I’ve often pondered this and I have concluded that there are a number of factors:
1. Licensing. While it might appear that the Indiana Jones IP is fully in the hands of Disney, it’s plausible that there are nuances behind the scenes. For example, Paramount owns the distribution rights to the first four films. That’s a different issue, but I mention it as an example of how rights can become fragmented over time over multiple contracts. I wouldn’t be at all surprised if the rights to Fate of Atlantis are more complex than we see from the outside. Having said that, I’ve no evidence of this.
2. It was a good game, but does that make for a good movie? FoA had some great game features: multiple paths, fun puzzles, classic adventure game exploration and interactivity, awesome pixel art - but none of these are useful to a movie.
3. The script was… OK. It doesn’t have any standout quotable lines like the first three films did. Its comedy is more slapstick than witty, and there are more than a few video-game in-jokes. It’s also highly derivative, written, I suspect, to make players think “This is cinematic! This is just like a real Indiana Jones movie!” To that end, it worked brilliantly. But in the 90s, games were still a sideshow compared to Hollywood, and were written in a parodic style, not yet having found their own space as a unique medium. To an extent, this is still true today.
4. An aging Harrison Ford is tough to reconcile with a story set in the 1930s. I expect this alone was a big driver in the studio wanting new scripts set in the 50s and 60s for the last two films.
5. Movies based on games have an abysmal track record, and I’m sure Hollywood producers get an allergic reaction whenever someone suggests another one.
And yet, despite all the above, FoA is still fantastic raw material for a movie. The plot, mythology, locations, set-pieces, and even the music, are all perfect for being reimagined on the big screen. Which leads me to the final reason why I think it hasn’t happened:
5. Nobody took games seriously in the 90s, Lucas was in control in the 00s for Crystal Skull and wanted his own story not somebody else’s, Disney was distracted by Star Wars and Marvel in the 10s, and by the time we get to Dial of Destiny in the 20s, Disney has become so risk averse that the idea of pulling ideas from a video game seems far outside what they are creatively capable of. Sadly, with Dial of Destiny bombing, the franchise is probably dead until the 30s.

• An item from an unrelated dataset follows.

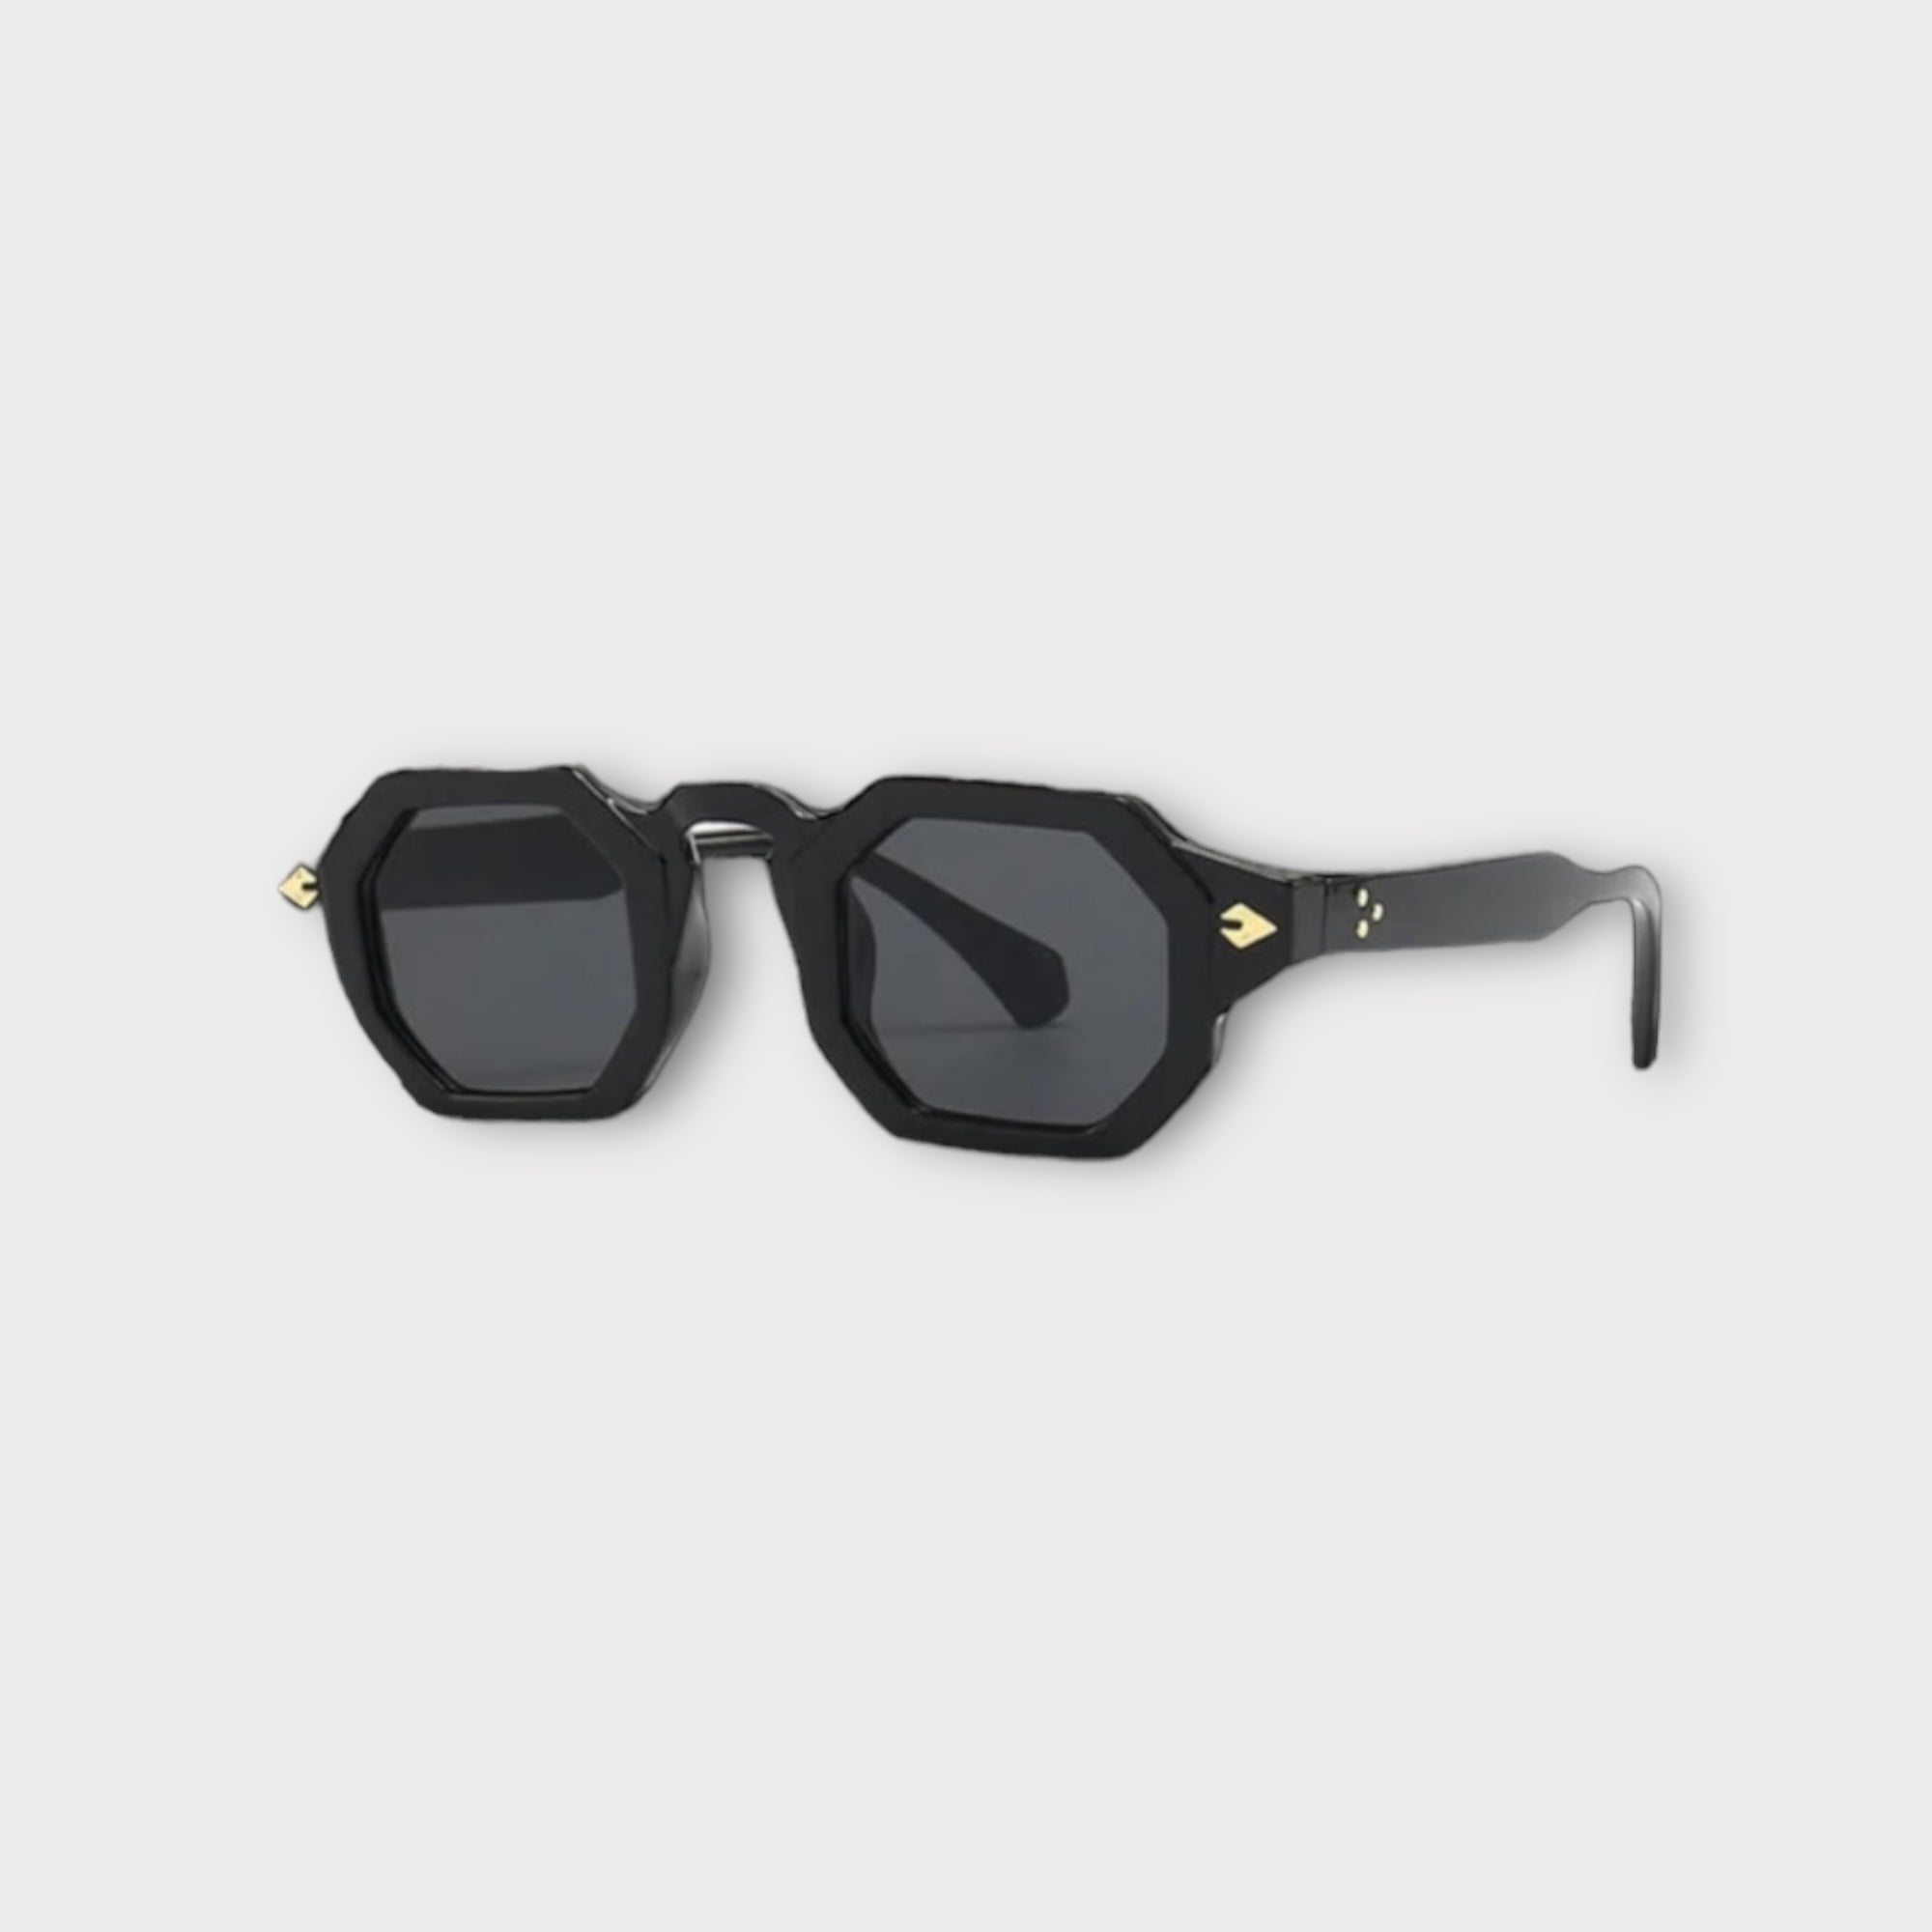 'GLAR' Square shades sunglasses for women

Still, the fact that Disney lawyers shut down the recent fan-remastered version of the FoA game gives me hope that they still recognize how much value that IP has. They’ve strip-mined every other IP, so it’s possible they will eventually realize they've been digging in the wrong place, let go of Harrison Ford (in either live, de-aged, or posthumous generative form), and get their top men working on it.